We don’t take time to stop and smile at people anymore. If you happen to pass someone while walking on the street or in the grocery store and catch their eye(if for some reason they aren’t looking down at their phone) and smile, 9 times out of 10 they won’t smile back and they look the other way or they look at you like you are crazy. Heaven forbid if you say hello. They quite possibly may call the cops. “There is a crazy woman walking through town today and….she just said “hello” to me.”
I think everyone is just so focused on the next moment or getting to where they need to be that they lose track of what truly matters in life. People matter and if we were more kind to each other, stopped rushing and actually talked to each other, then maybe just maybe we would all be better for it.
“Once she stopped rushing through life, she was amazed how much more life she had time for.” ~ Unknown
A few things happened lately that caused me to stop and think about this. In the course of a week I had two encounters that literally forced me to look at my life and also look at the way I treat others. I myself until recently was one of the people that were always rushing here and there, so I know of what I speak. I was out walking one day a few weeks ago and happened to glance down and see some beautiful flowers in pots on the porch of a house down the street from mine. They were really pretty flowers and I stopped for a minute to look closer when a small white haired woman walked out from the side of the house. I quickly told her I was admiring her flowers. I didn’t want her to think I was going to steal them or something. She looked a little leery at first and then her face changed and she just beamed.
And so my walk was delayed for about 45 minutes while she told me all about her life. She told me that her husband had just recently passed and that she lived in the house for 62 years. She loves gardening and does it as often as she can but her daughter-in-law helps her now. She showed me around the back yard to see her garden there too. She was quite proud of her flowers and wanted me to see them and also wanted to tell me all about her life. Her name was Dotty and she invited me to stop by more often and have a cup of tea with her. I felt good as I left her, and I was also filled with the thought that I was supposed to meet her, that maybe she just really needed someone to talk to at that moment. And I was that one.
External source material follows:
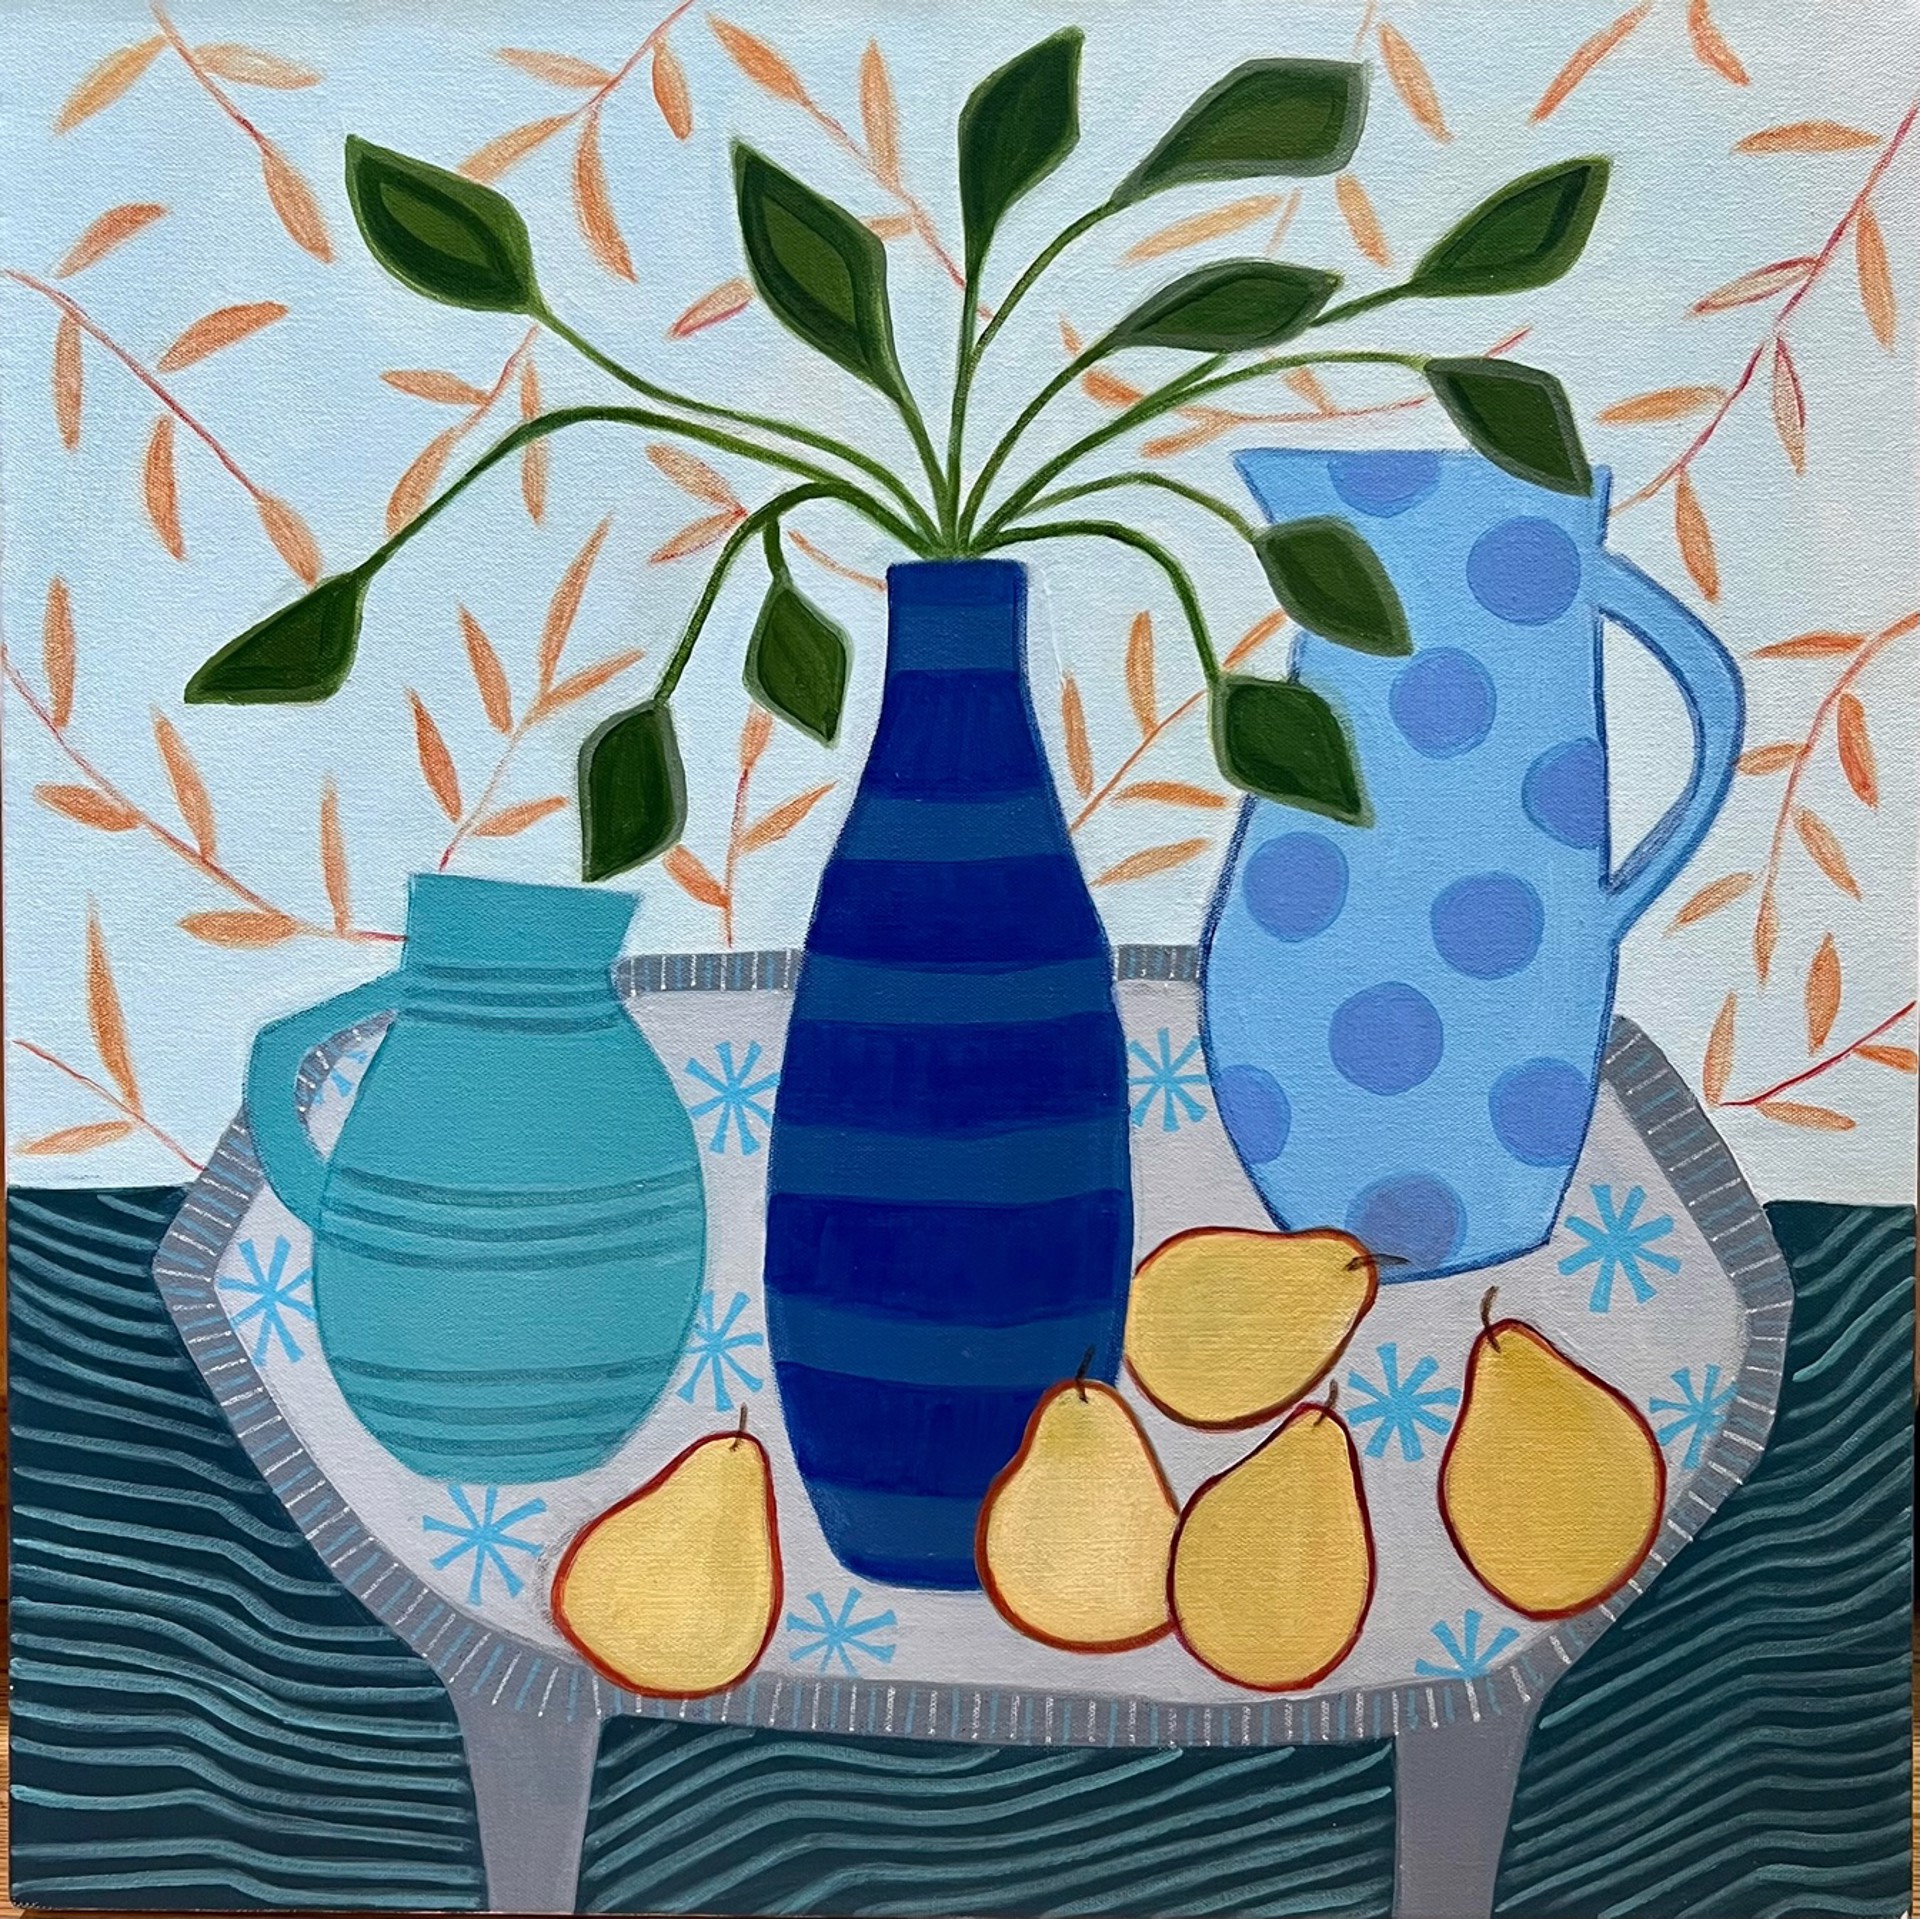 Five Golden Pears by Joyce Grasso

“Be kind, for everyone you meet is fighting a hard battle.” ~ Plato
Then last week while shopping with my daughter we passed an older woman in an aisle we were in and we both remarked after passing her, how much we loved her top. It had mermaids on it and it was just beautiful. I had regretted not saying something to her and was a little mad at myself. A little while later I ran into her again in another aisle and didn’t want to miss my chance again, so I looked right at her and told her that my daughter and I were just saying how much we loved her blouse. She was taken aback for a minute and then lightly blushed and said thank you so much. She said you don’t know how much I needed that. As she spoke I knew she must have lived recently or grew up in Paris. I absolutely love a French accent and since going there is on my bucket list I wanted to chat with her awhile longer just to hear her voice.
As we stood there staring at each other she almost looked like she was going to cry and then began telling me her story. Her husband of 40 years had just left her because he just didn’t have anything in common with her anymore and of course there is another woman involved and also of course she is younger and more beautiful. I told her she was very beautiful and that she would survive this and go on to see this was all meant to be. She asked me if I was sure that would happen and I told her I was since I had gone through the same thing. She said she felt unimportant and dowdy(her words). I told her I thought she was beautiful and intelligent and that her husband was an ass. She laughed then and we talked about many other things. We had quite a long conversation.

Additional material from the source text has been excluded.